Here, we assume that $F_{i}(.)$ , for all $i\in\{1,\cdots,N\}$ , is convex and $L$ -smooth. For function $f:\mathbb{R}^{d}\to\mathbb{R}$ that is convex and $L$ -smooth, the following relations hold, $\forall x,y\in\mathbb{R}^{d}$ [16]:

$\displaystyle f(y)$	$\displaystyle\leq f(x)+\nabla f(x)(y-x)^{\prime}+\frac{L}{2}\|\|y-x\|\|_{2}^{2},$	(8)
$\displaystyle f(x^{*})$	$\displaystyle-f(x)\leq-\frac{1}{2L}\|\|\nabla f(x)\|\|_{2}^{2},~{}x^{*}=\arg\min_{x}f(x),$	(9)
$\displaystyle\|\|\nabla f($	$\displaystyle x)-\nabla f(y)\|\|_{2}\leq L\|\|x-y\|\|_{2},$	(10)
$\displaystyle\left(\nabla f(\right.$	$\displaystyle x)-\left.\nabla f(y)\right)(x-y)^{\prime}\geq\frac{1}{L}\|\|\nabla f(x)-\nabla f(y)\|\|_{2}^{2},$	(11)

where $(.)^{\prime}$ denote the matrix transpose operand.

Lemma 1.

Let $F_{i}:\mathbb{R}^{d}\to\mathbb{R}$ , for all $i\in\{1,\cdots,N\}$ , is convex and $L$ -smooth. $F_{\mathcal{G}}(x)=(1/N)\sum_{i\in\mathcal{G}}F_{i}(x)$ is also convex and $\frac{|\mathcal{G}|L}{N}$ -smooth.

Proof:

This can be easily proved from the sub-additivity of the norm and additivity of the gradient [16]. ∎

From Lemma 1, it can be easily proved that $F(x)=(1/N)\sum_{i=1}^{N}F_{i}(x)$ is also convex and $L$ -smooth.
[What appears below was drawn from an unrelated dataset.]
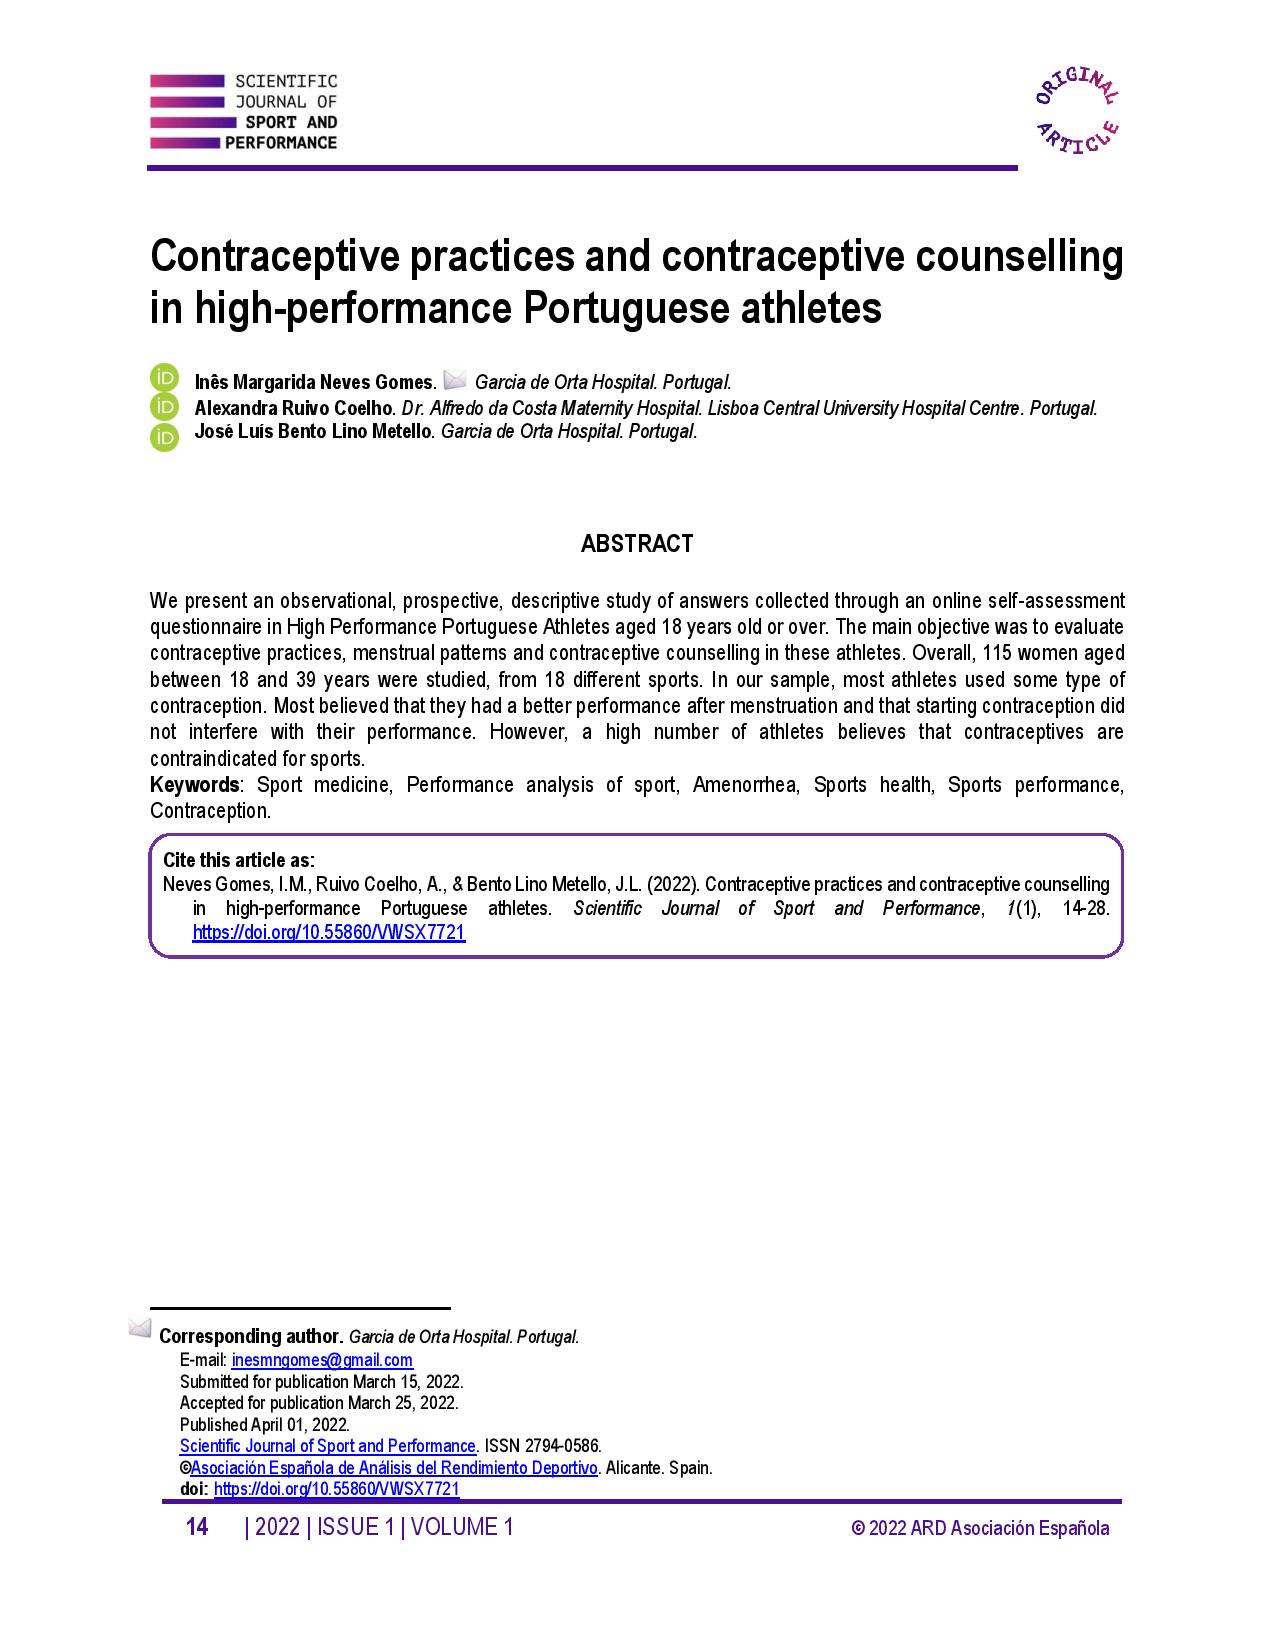 Contraceptive practices and contraceptive counselling in high-performance Portuguese athletes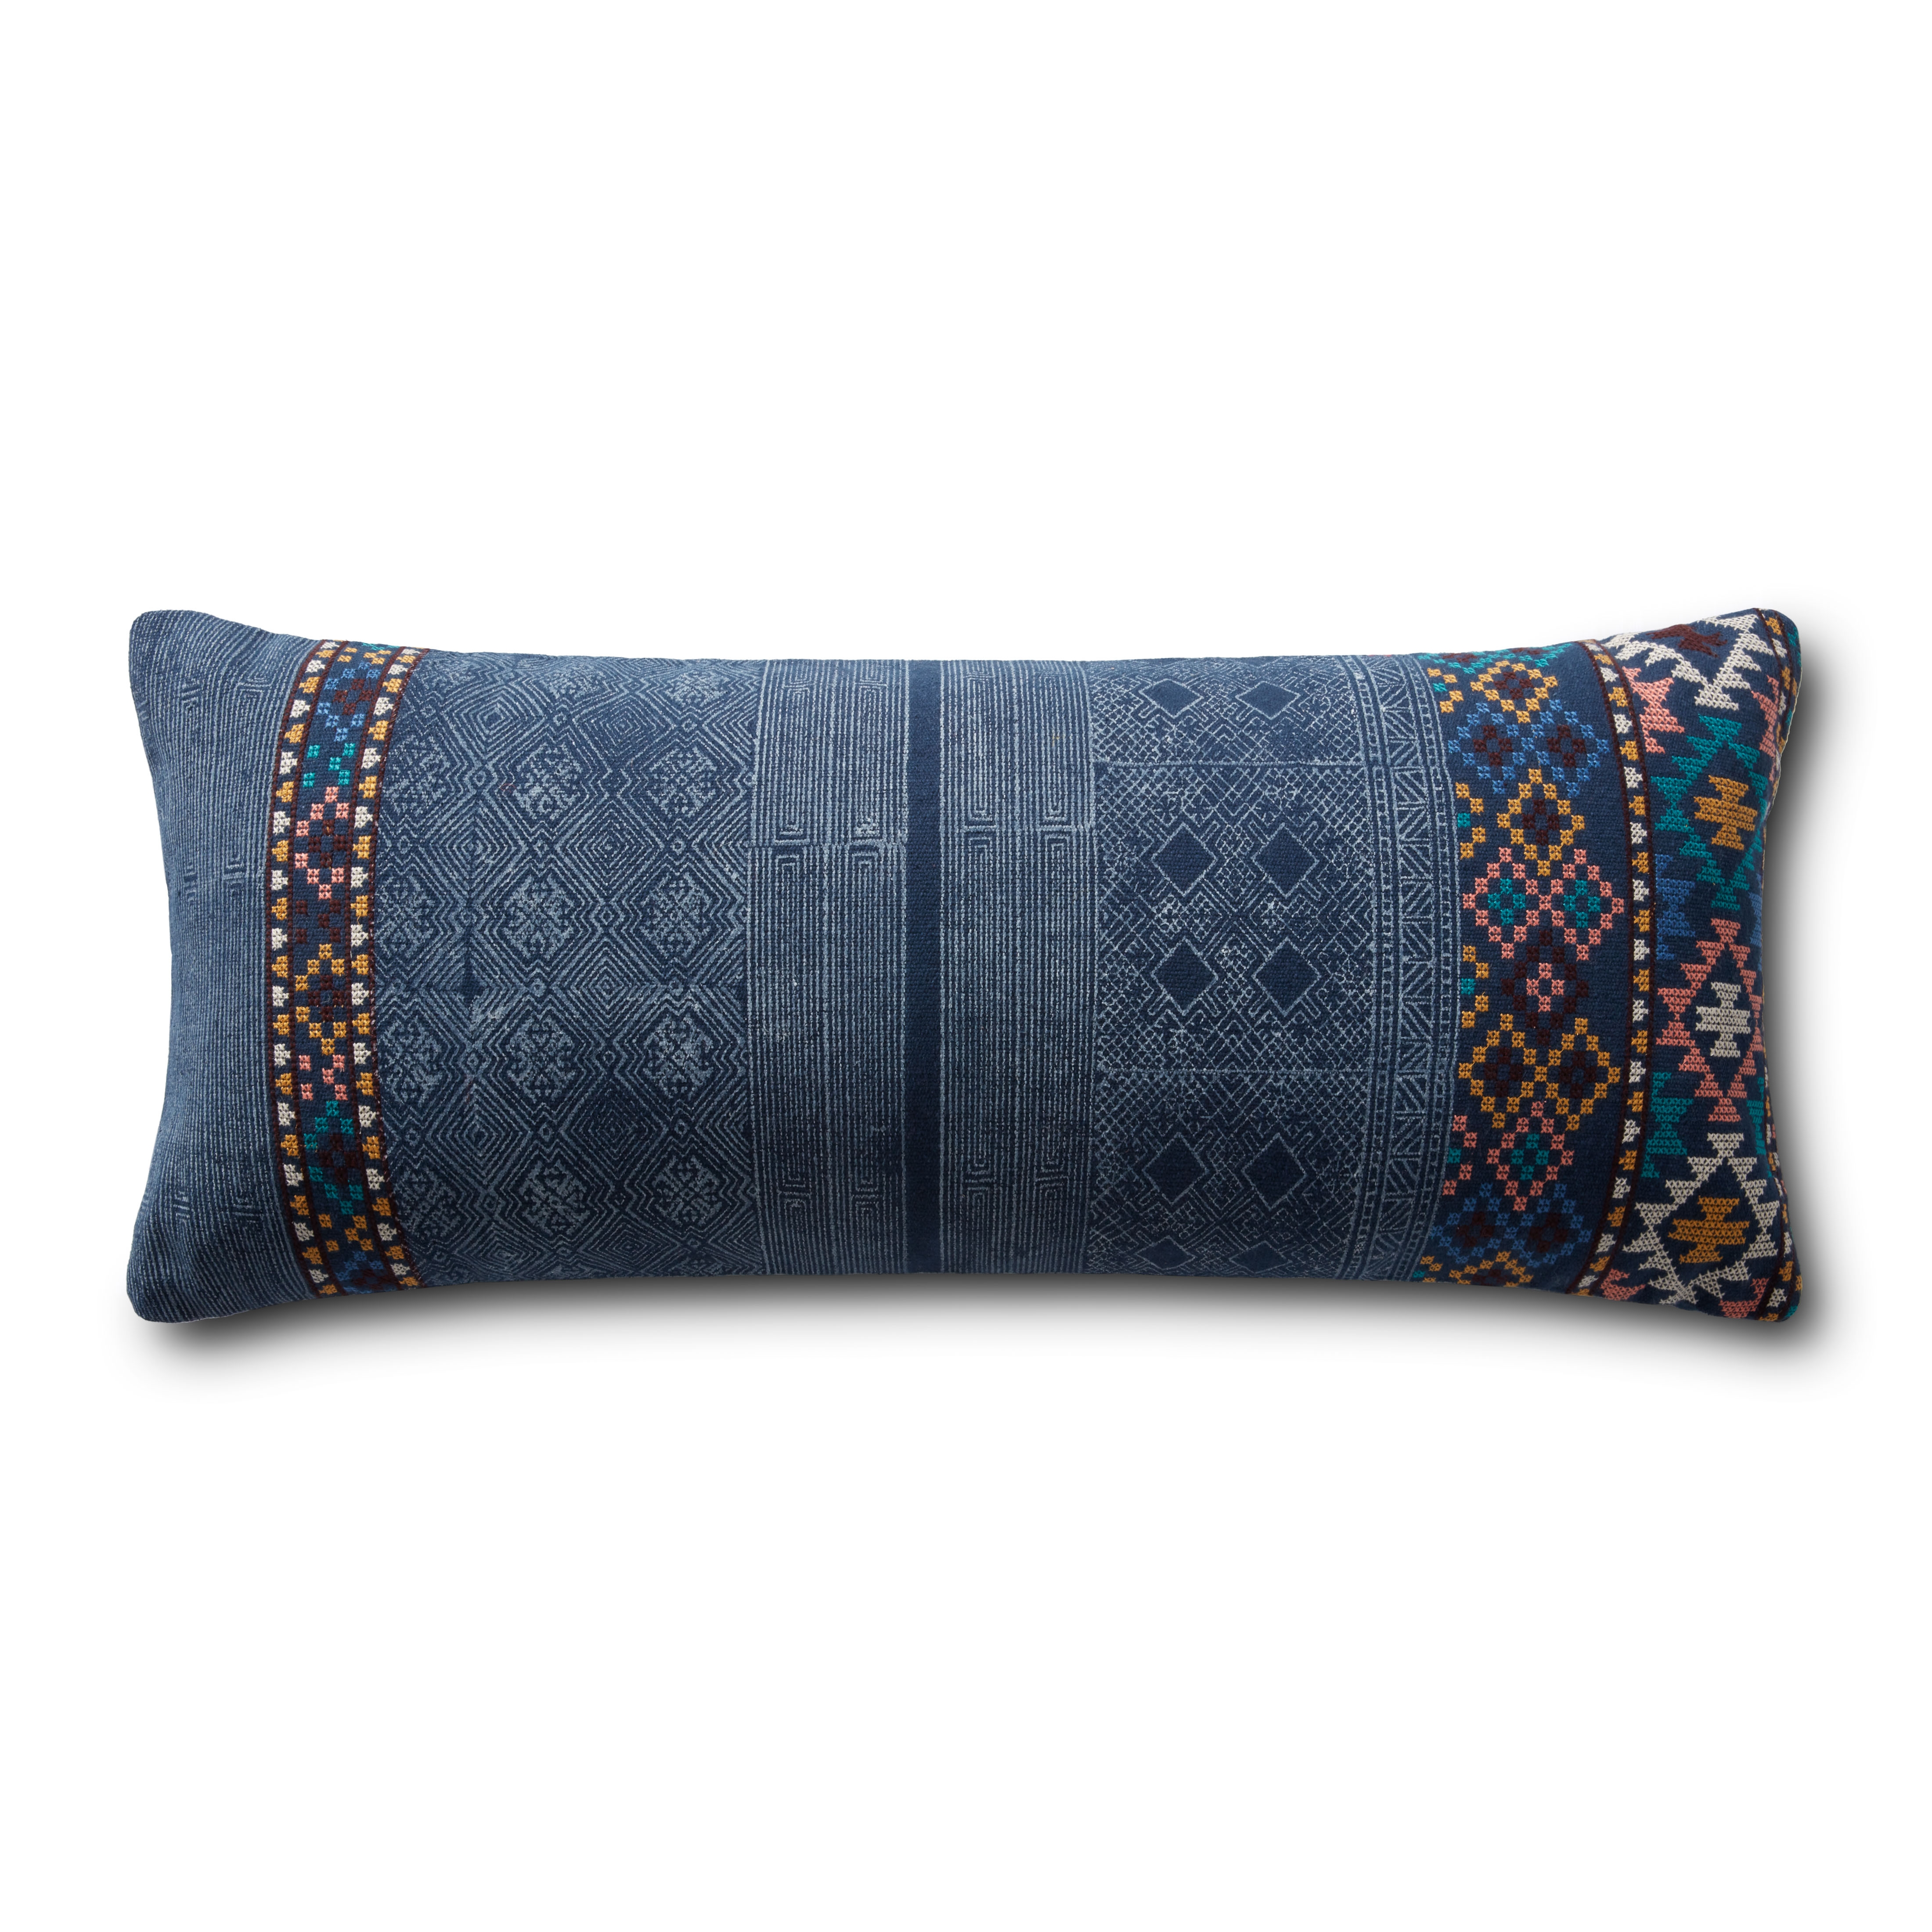 PILLOWS P0969 NAVY / MULTI 13" x 35" Cover w/Down - Image 0

In the following theorem, we show that the FL algorithm in the presence of communication error, where the CN uses the past local updates in case of communication error, converges to the global minima of the global loss function and accordingly the optimal global parameter.

Theorem 1.

Let us consider a FL problem with $N$ devices, where the channel from each device to the CN is modeled by an erasure channel with erasure probability $\epsilon$ . We assume that the local loss function $F_{i}(x)$ at device $i$ is convex and $L$ -smooth. We further assume that $||\nabla F(x)-\nabla F(y)||_{2}\geq\mu||x-y||_{2}$ , for all $x,y\in\mathbb{R}^{d}$ , where $F(x)=\frac{1}{N}\sum_{i=1}^{N}F_{i}(x)$ . Let $\delta_{t}=||w^{(t)}-w^{*}||_{2}^{2}$ , where $w^{*}=\arg\min_{w}F(w)$ , and $\bar{\delta}_{t+1}=\frac{1}{t+1}\sum_{i=0}^{t}\delta_{i}$ . For the FL algorithm (5), when $\epsilon\leq\frac{\mu}{2L}$ and $\eta=\frac{1}{L}$ , $\bar{\delta}_{k}$ is upper bounded by:

\displaystyle\bar{\delta}_{t}\leq\frac{F(w^{(0)})-F(w^{*})}{t\beta^{2}},~{}~{}\text{for}~{}t>0,

(12)

where $\beta^{2}=\frac{\mu^{2}}{2L}-2L\epsilon^{2}$ .

Proof:

The proof is provided in Appendix A. ∎

Theorem 1 states that the gap to the global minima ( $w^{*}$ ) decreases with the iteration number $t$ and converges to zero, when $t$ is arbitrary large, i.e., $\lim_{t\to\infty}\bar{\delta}_{t}=0$ . it is also easy to show that $\lim_{t\to\infty}\delta_{t}=0$ , since otherwise, if $\delta_{t}\geq\epsilon$ , where $\epsilon>0$ , $\bar{\delta}_{t}$ will be always bounded above $\epsilon$ . It is important to note that Theorem 1 does not state that $\delta_{t}$ is a decreasing function of $t$ . Instead it shows that in the limit that $t$ is sufficiently large, the global parameter, $w^{(t)}$ , converges to the optimal global parameter $w^{*}$ , even in the presence of communication error.

IV Results and Discussion

In this section, we focus on the FL algorithm, where the CN uses old local updates received from devices when their fresh updates are not available due to communication error. Fig. 2 shows the overall MSE of the FL algorithm at various erasure probabilities, when $N=3$ . We use the same dataset as in Fig. 1(b). As can be seen in Fig. 2, when the erasure rate is small, i.e., $\epsilon=0.1$ , the performance of the FL with reuse of old updates closely approaches that of the FL without communication errors. However, when the erasure probability increases, the MSE in the early iterations has a significant gap to the ideal FL case with no error. In all scenarios, even when the erasure rate is large, i.e., $\epsilon=0.5$ , the FL algorithm with reuse of old updates in the presence of error converges to that of the ideal FL without error.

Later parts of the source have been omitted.